_TASK STATEMENT_
Please copy each line of the listing below precisely, excluding the images.
[Opening GIVEN INFORMATION section]
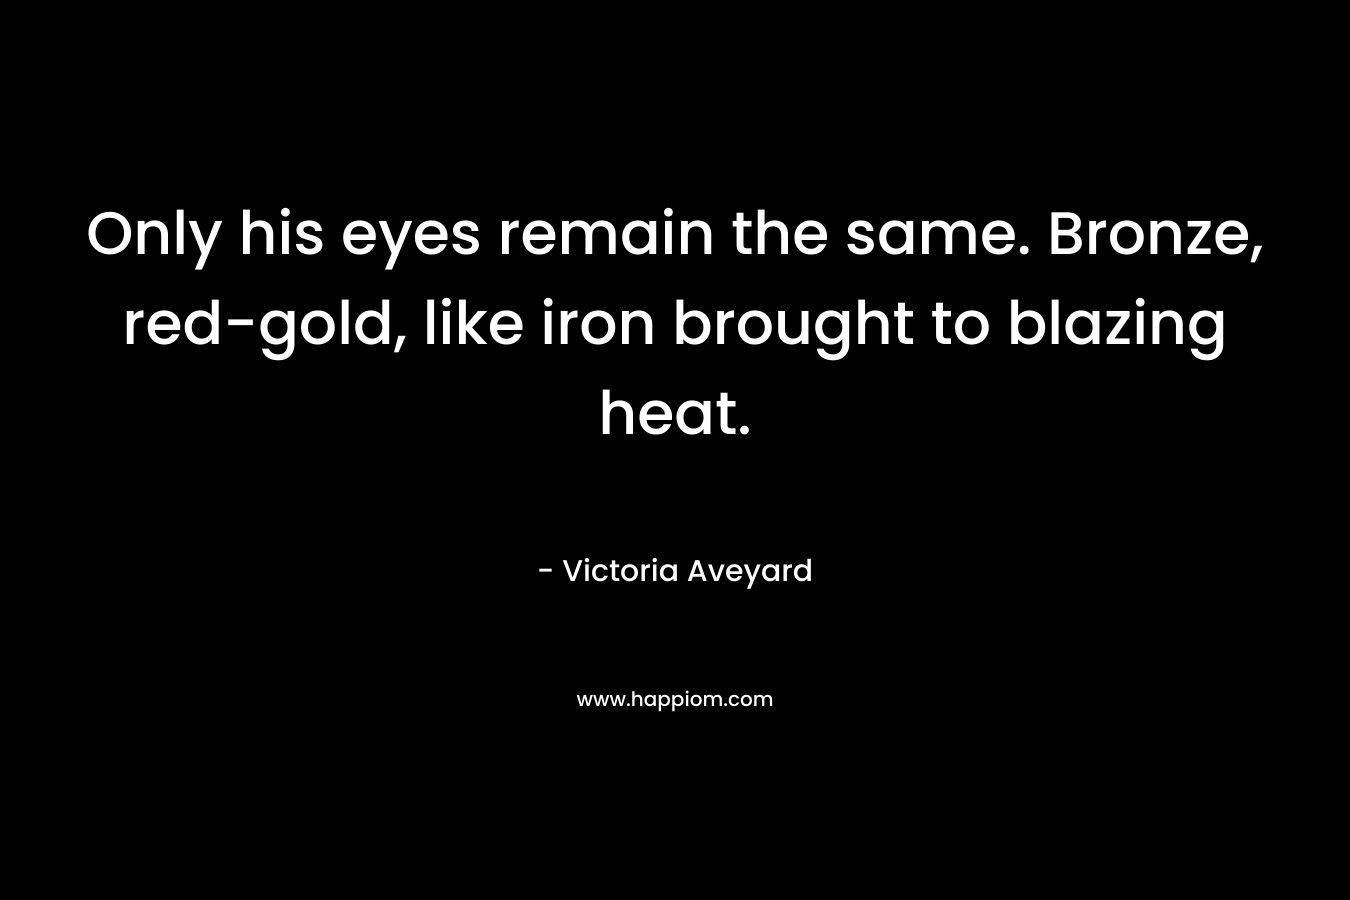 Only his eyes remain the same. Bronze, red-gold, like iron brought to blazing heat. – Victoria Aveyard
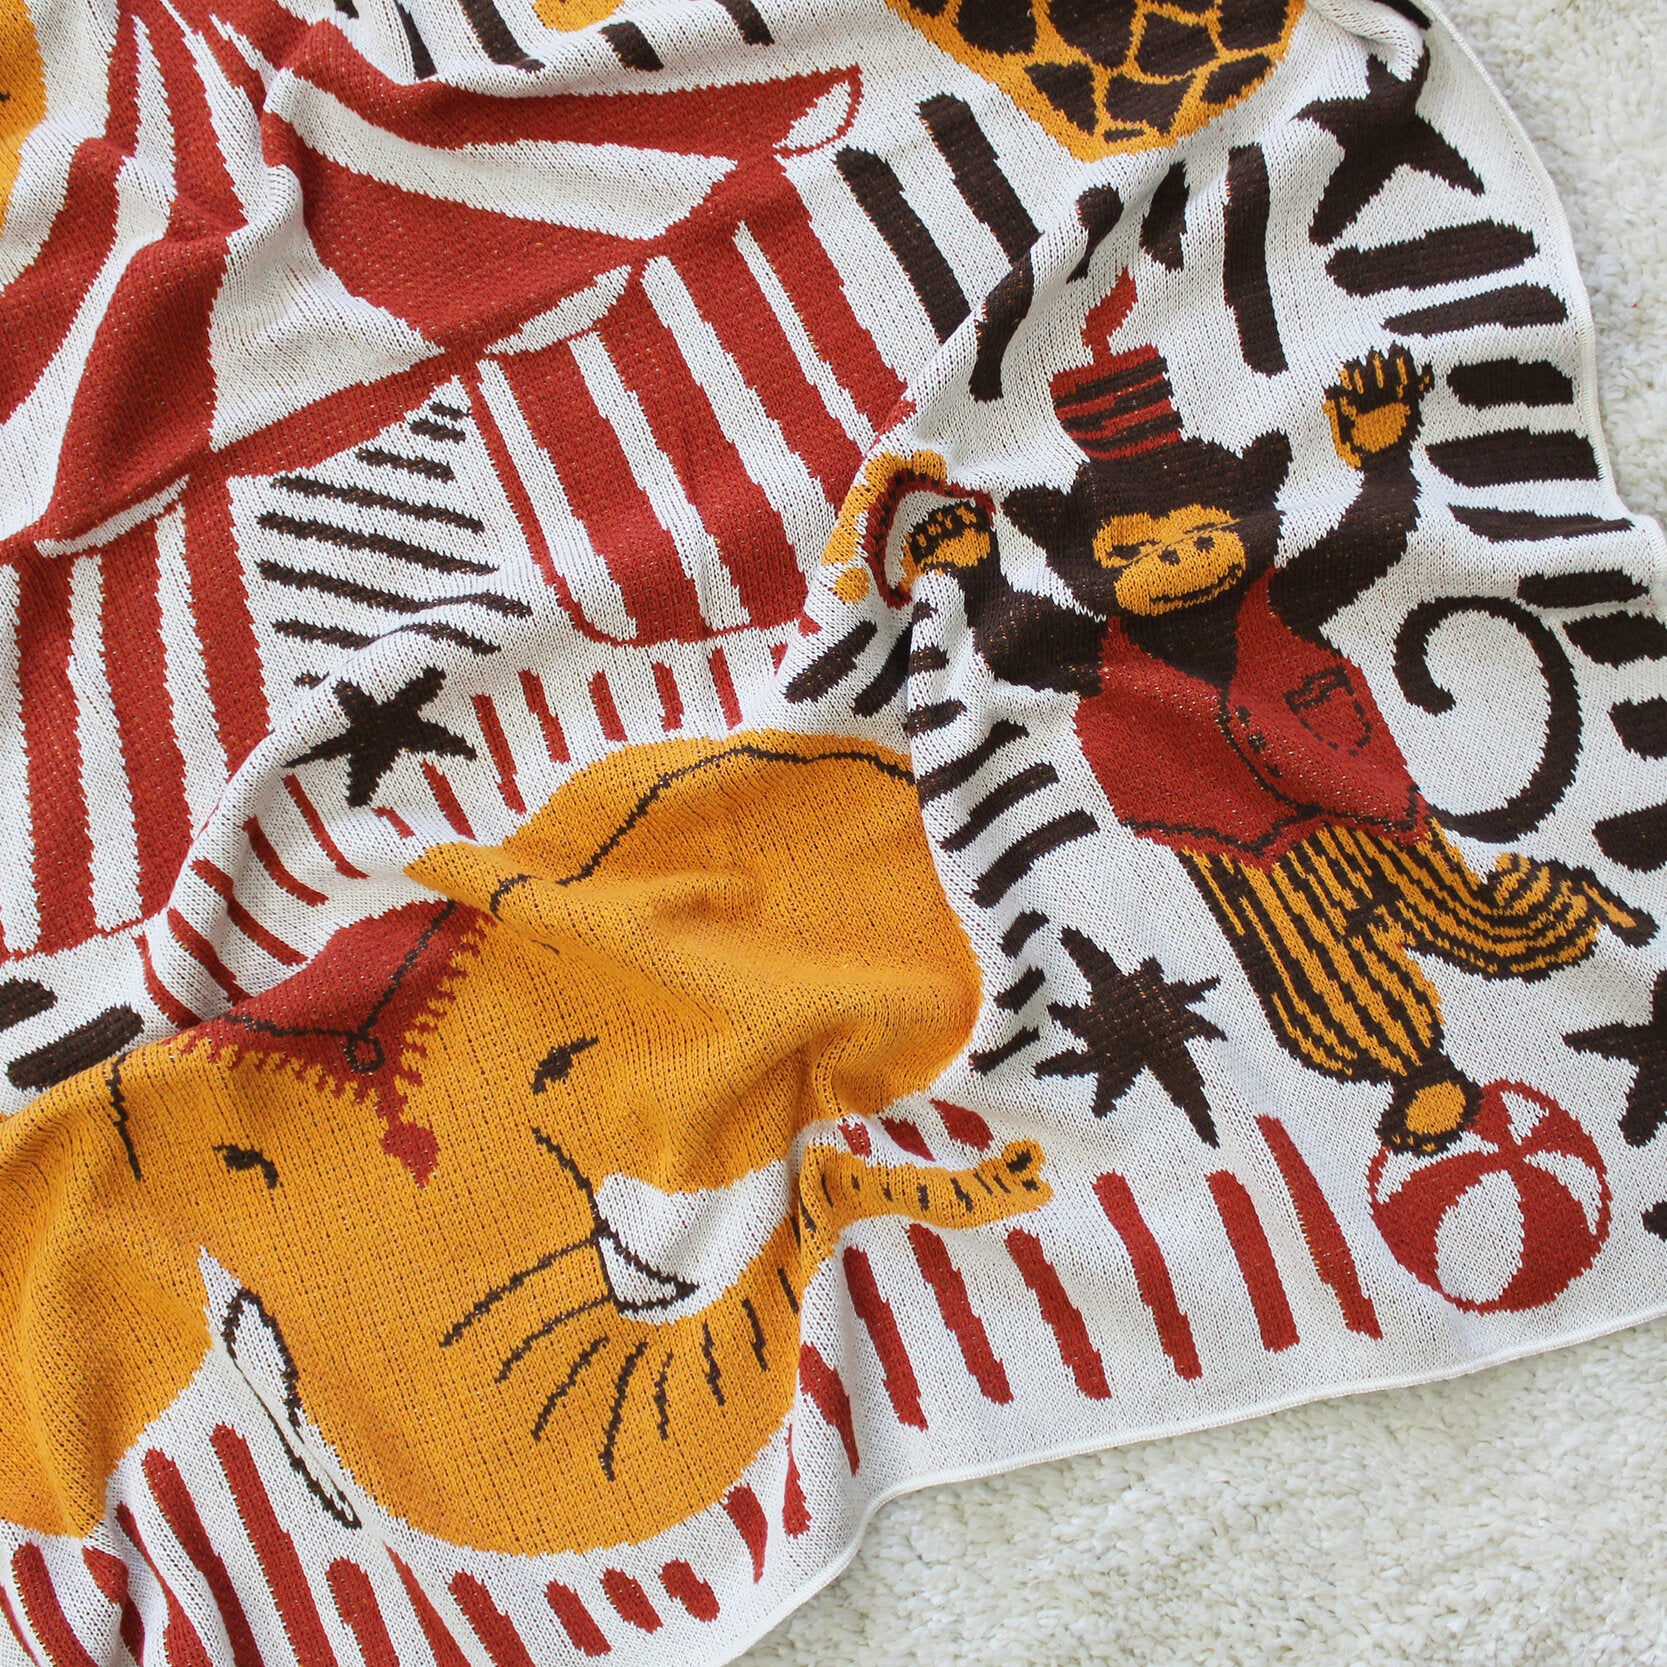 LIFE'S A CIRCUS KNIT BLANKET
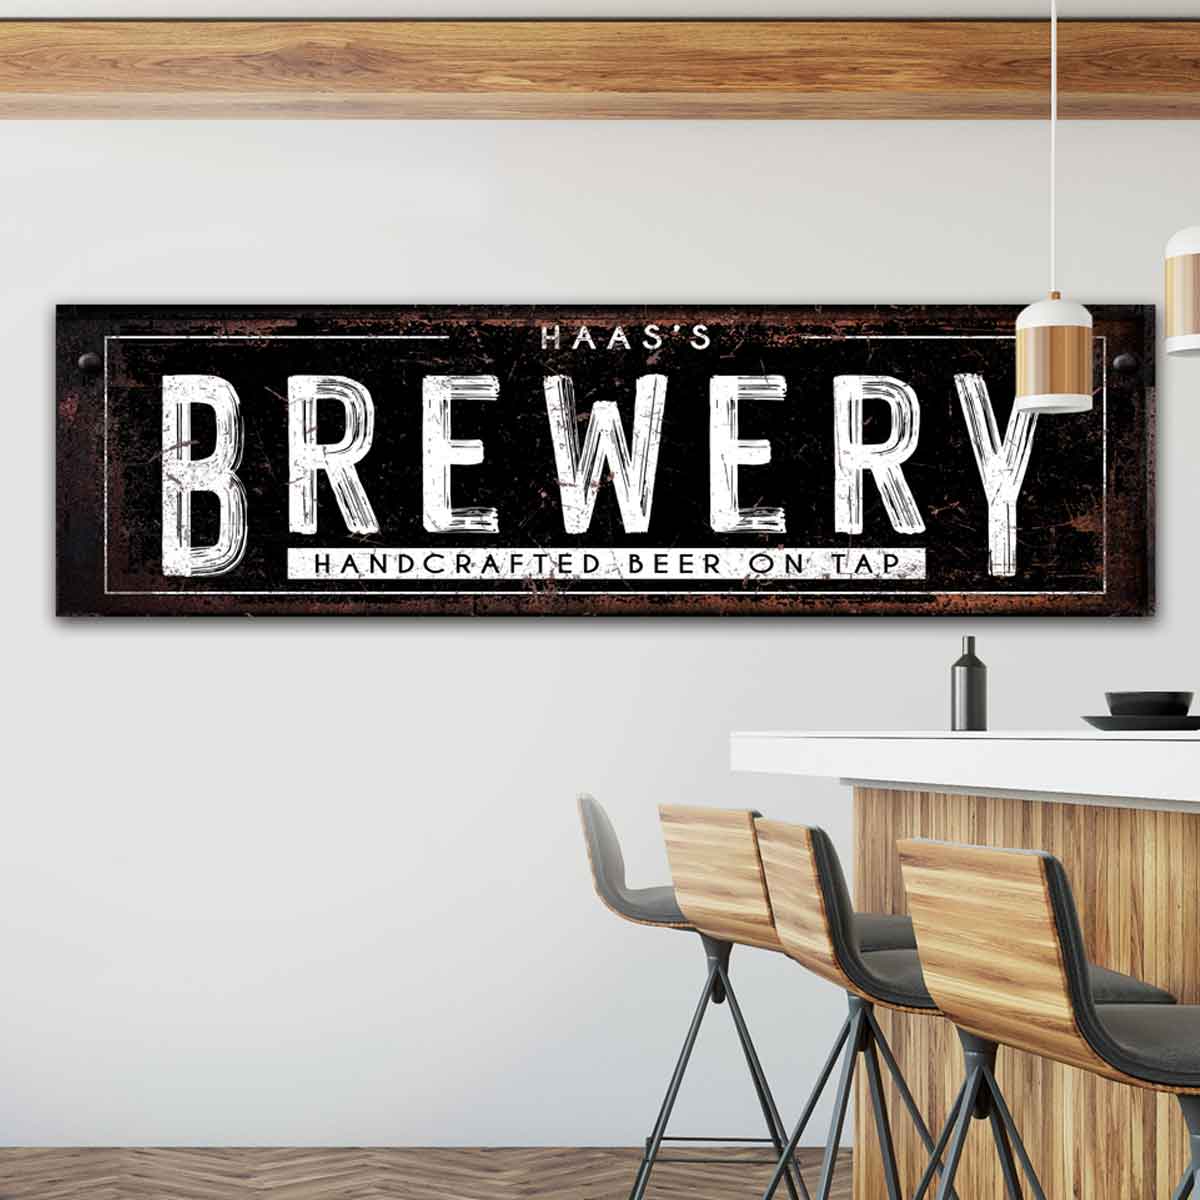 Personalized Bar sign in distressed black rusted background with big words "BREWERY" handcrafted beer on tap. Personalized with your name in white print.
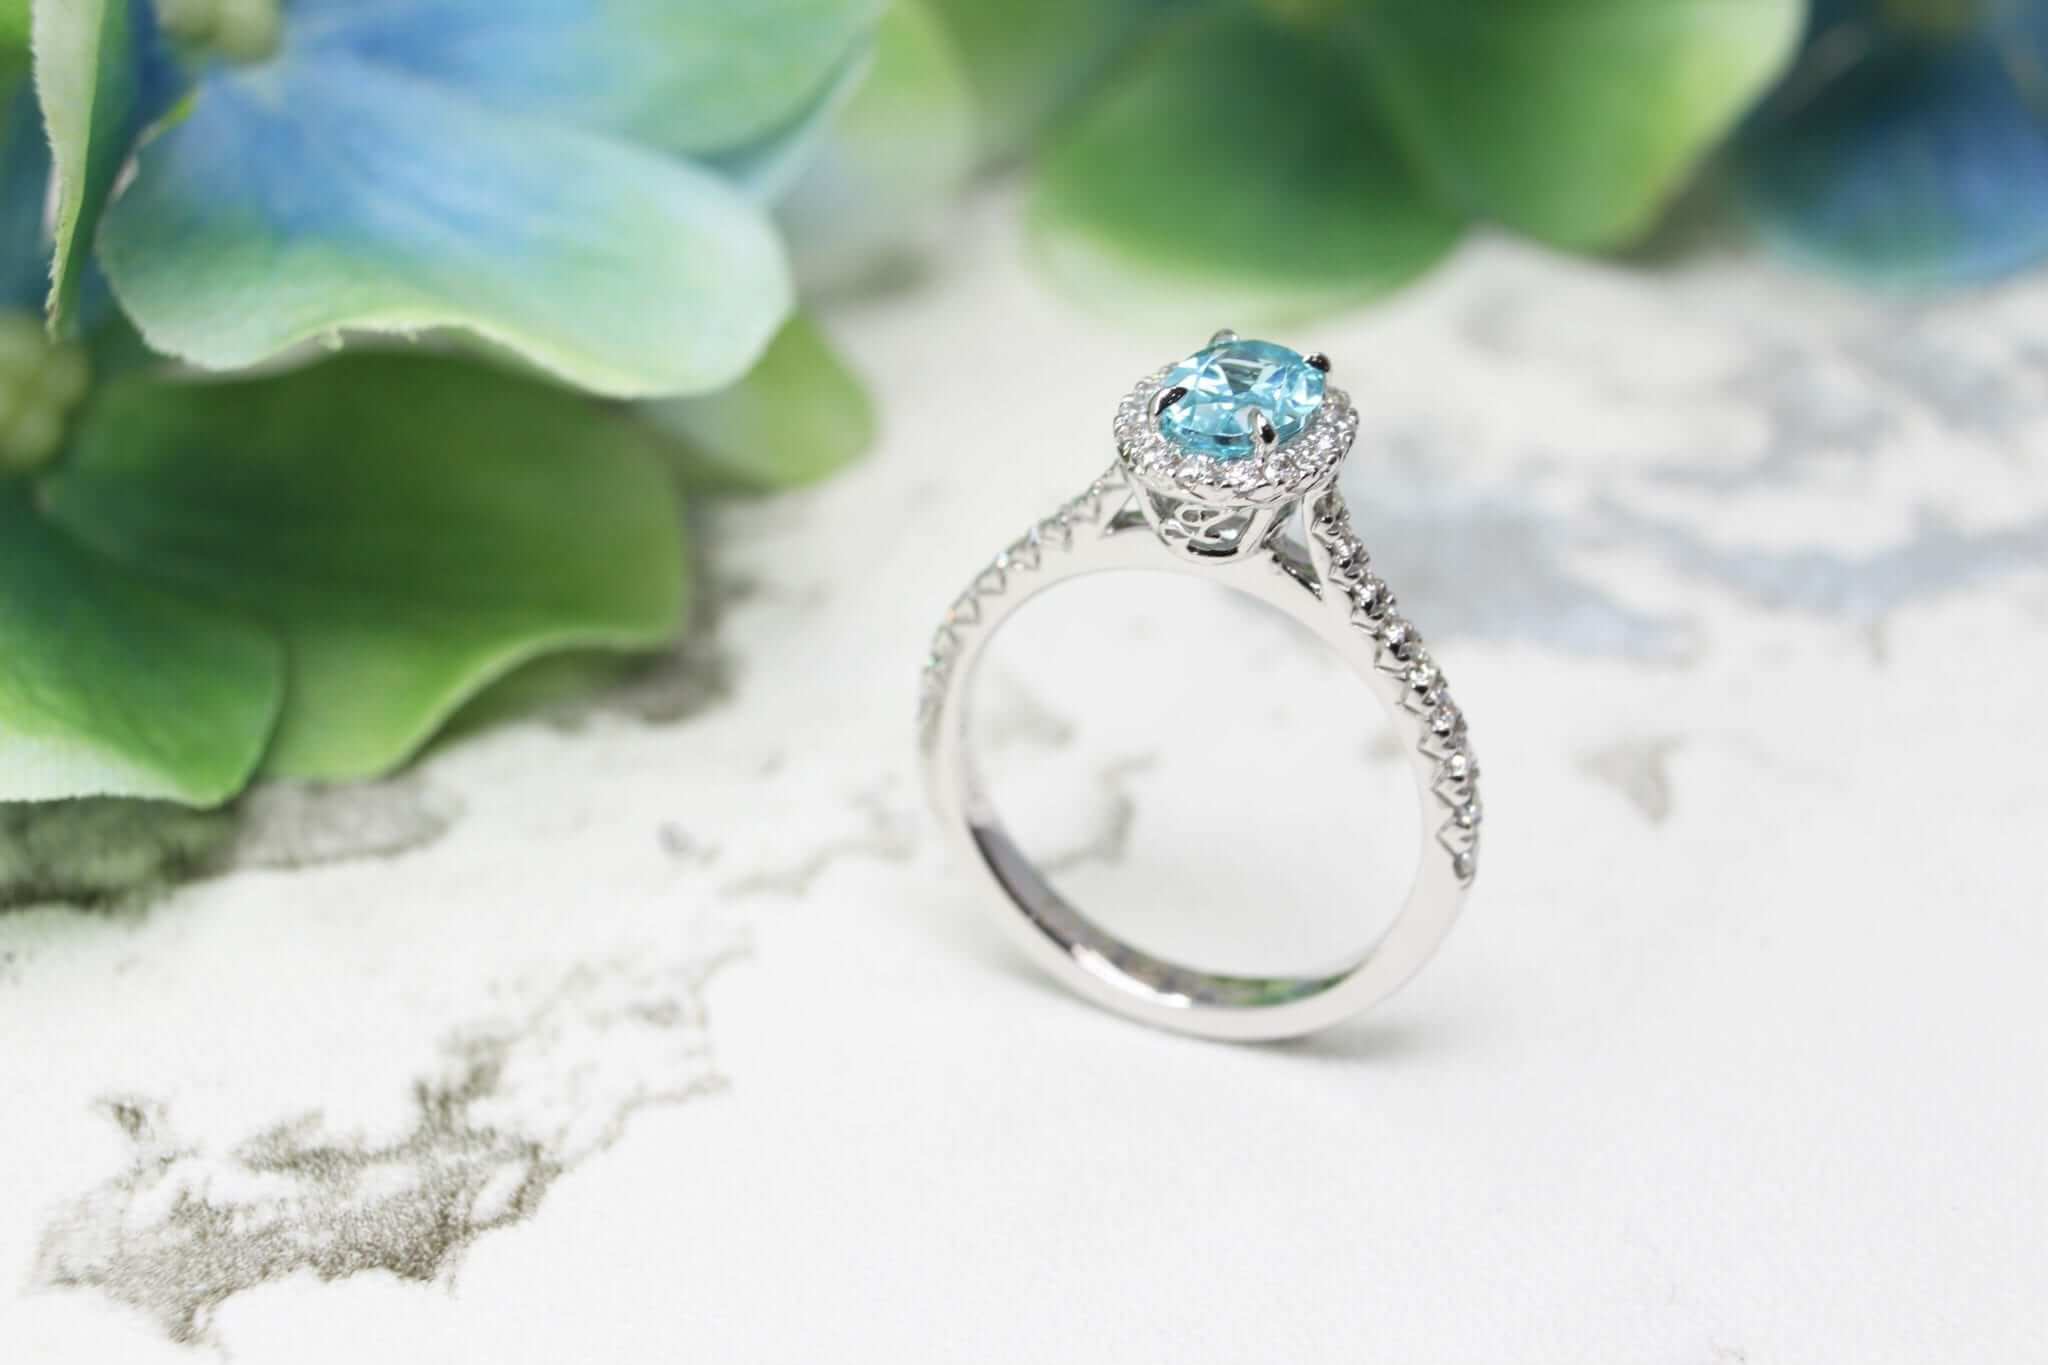 Personalised Engagement Ring with Paraiba Tourmaline Gemstone with unique design for a proposal with own personalised initials on the ring | Customised Jeweller in wedding ring and wedding jewellery with paraiba tourmaline gemstone in Singapore
[Closing GIVEN INFORMATION section]
_RESPONSE AREA_
 Only his eyes remain the same. Bronze, red-gold, like iron brought to blazing heat. – Victoria Aveyard
 LIFE'S A CIRCUS KNIT BLANKET
 Personalized Bar sign in distressed black rusted background with big words "BREWERY" handcrafted beer on tap. Personalized with your name in white print.
 Personalised Engagement Ring with Paraiba Tourmaline Gemstone with unique design for a proposal with own personalised initials on the ring | Customised Jeweller in wedding ring and wedding jewellery with paraiba tourmaline gemstone in Singapore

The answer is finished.